The Current Nepf Lab, November 2014
Gary Lei, Marissa Fryer, Judy Yang, Heidi Nepf, Elizabeth Follett, Helen Shi, Chao Liu
Donald and Martha Harleman Professor
Civil and Environmental Engineering
Email: hmnepf (at) mit.edu
Heidi Nepf's Civil and Environmental Engineering webpage Professor Nepf's teaching includes Physical Limnology and Transport Processes in the Environment.
Graduate Student (Email: efinn (at) mit.edu)
By forecasting the spread of fungal spores, we can reduce the amount of fungicide applied each year to crops such as corn, wheat, and soybeans. My research focuses on developing an understanding of the processes governing spore escape from a crop canopy, so that we can refine existing estimates of the probability of spore escape. Using a rigid model crop canopy, I study theimpact of canopy scale vortices on particle transport using a combination of flow visualization techniques and measurements of deposition following an experimental particle release. I have also developed a simple random walk particle tracking model to explore particle escape across a wide range of canopy densities and ratios of spore settling velocity to canopy turbulence.

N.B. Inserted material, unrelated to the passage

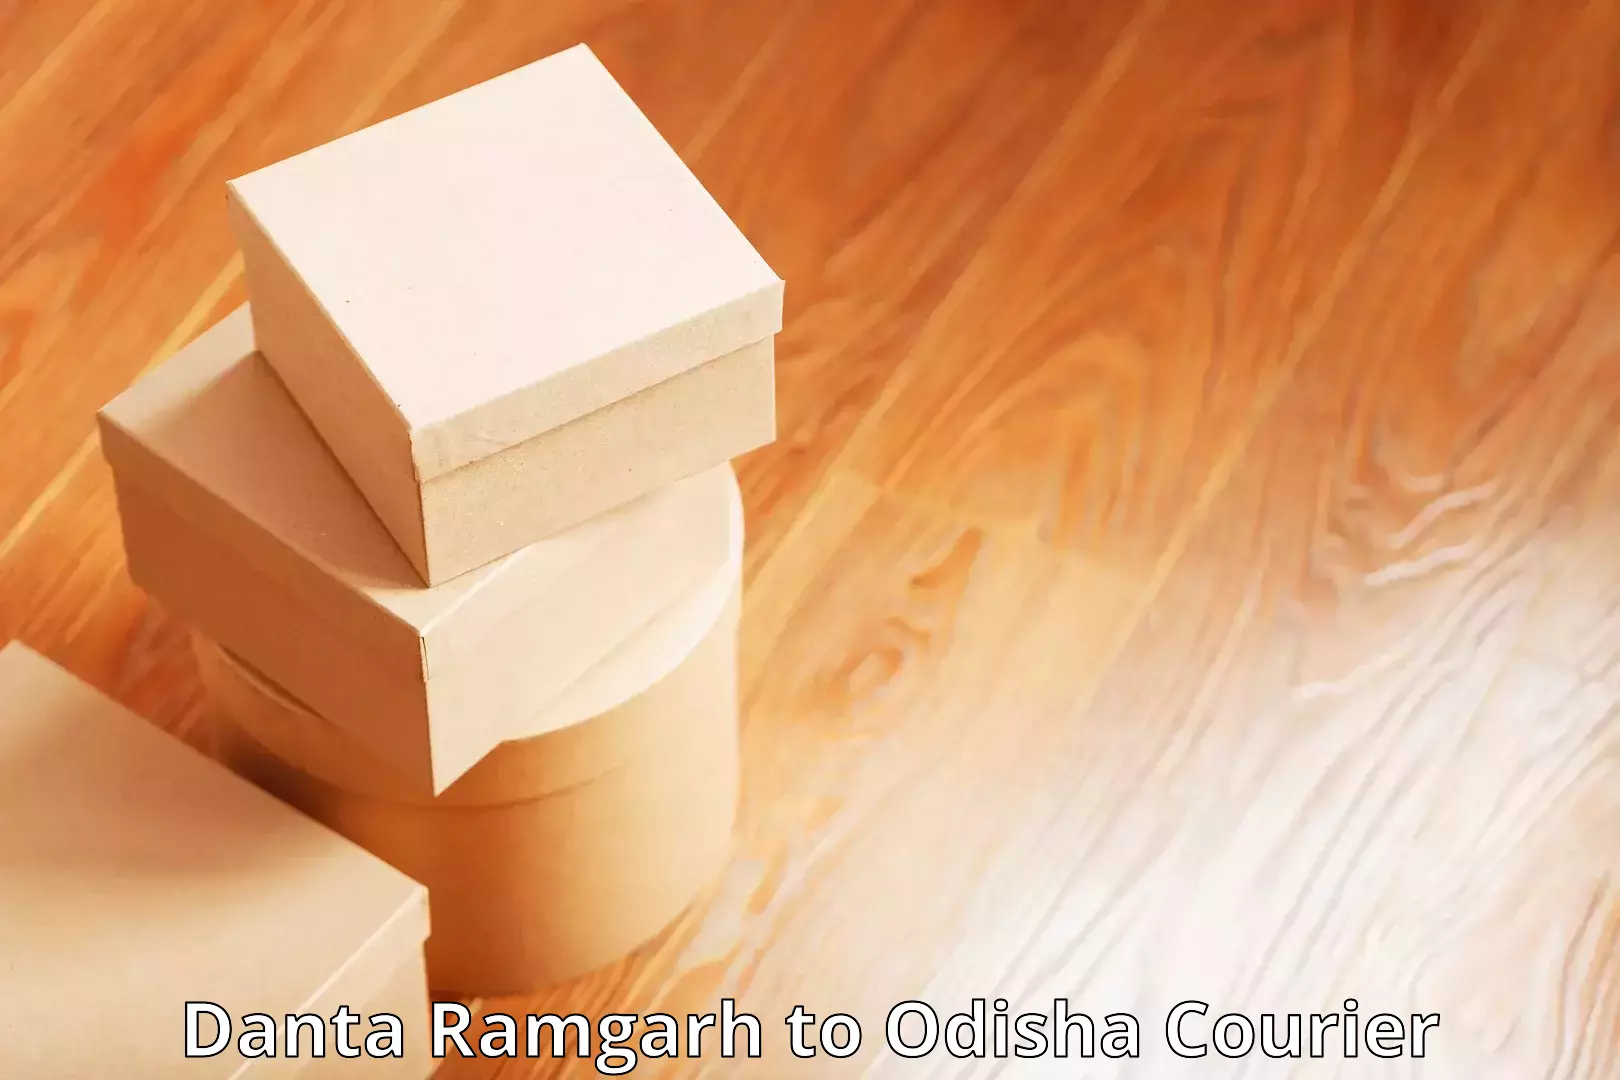 High-speed parcel service Danta Ramgarh to Bhadrak

My research is focused on the effect of vegetation patches on turbulence generation and sediment deposition. I use a laboratory flume to simulate a fluvial environment and try to understand how patches of vegetation can change overall flow dynamics and sedimentation spatially. I am interested in how different types of vegetation affect flow dynamics and sediment distribution. So if you have a flexible plant, versus a rigid plant, does it change where sediment will build up. The retention or erosion of sediment preferentially from different areas around and within a patch of vegetation can influence different aspects of the river's ecosystem and physical characteristics.
Qingjun "Judy" Yang
Graduate Student (Email: qjyang (at) mit.edu)
My current research is focused on the sediment transport inside a vegetation patch. Vegetation is a basic component of most natural water environments and has been widely used in river restoration. Yet few practical models exist to predict the incipient motion and rate of sediment transport in a canopy. Using a LDV, a high-speed camera and a sediment-recirculating flume, I will be able to quantitatively connect the sediment motion with the flow characteristics inside vegetation canopies.
Graduate Student (Email: garylei (at) mit.edu)
My project aims to understand how the rate of nutrient flux to the plant changes with the motion and posture of individual blades. The impacts of neighboring blades on nutrient flux will also be examined. I will work with both meadow and model blades which are constructed from low-density polyethylene (LDPE). The LDPE blade can absorb chemicals injected in the flume water, to simulate the nutrient-uptake of sea grass and freshwater macrophytes. This project will extend existing models for drag /flux to individual blades in current, and also explore a predictive model for mass flux based on different flow conditions.
Ying "Helen" Shi
Visiting Graduate Student (Email: yingshi (at) mit.edu)
Vegetation patches have a significant impact on bio-ecological and geomorphic processes through momentum and mass exchange that occurs between the vegetation patch and surrounding environment. My current research is focused on how suspended sediment is deposited around a vegetation patch. Using an artificial rigid canopy and changing the flow conditions, I will examine the sediment distribution around the canopy. I will also explore a predictive model for the behavior of different particles under given flow conditions.
Visiting Graduate Student (Email: chaoliu (at) mit.edu)
State Key Laboratory of Hydraulics and Mountain River Engineering
Sichuan University, Chengdu, China
The spatial distributions of velocity and deposition in the open channel near one or two vegetation patches have been extensively investigated in the past decade. These studies suggest that the sediment deposition can be related to the local velocity and turbulence kinetic energy. However, these studies have considered a limited range of velocity. I will consider a broader range of channel velocity, and specifically including conditions in which stem turbulence disappears with the patch, so the turbulence intensity in the wake decreases significantly. This is different from previous studies with higher velocity. Meanwhile, people are interested in the spatial distribution of sediment deposition within and around the patch when the water moves quite slowly. I mainly explore the change in the pattern of sediment deposition with gradually decreasing upstream velocity, and I discuss some specific phenomena in the low velocity case. Flow visualization using fluorescein and blue lighting is used to visualize the flow through the patch and how it diffuses after escaping from the patch.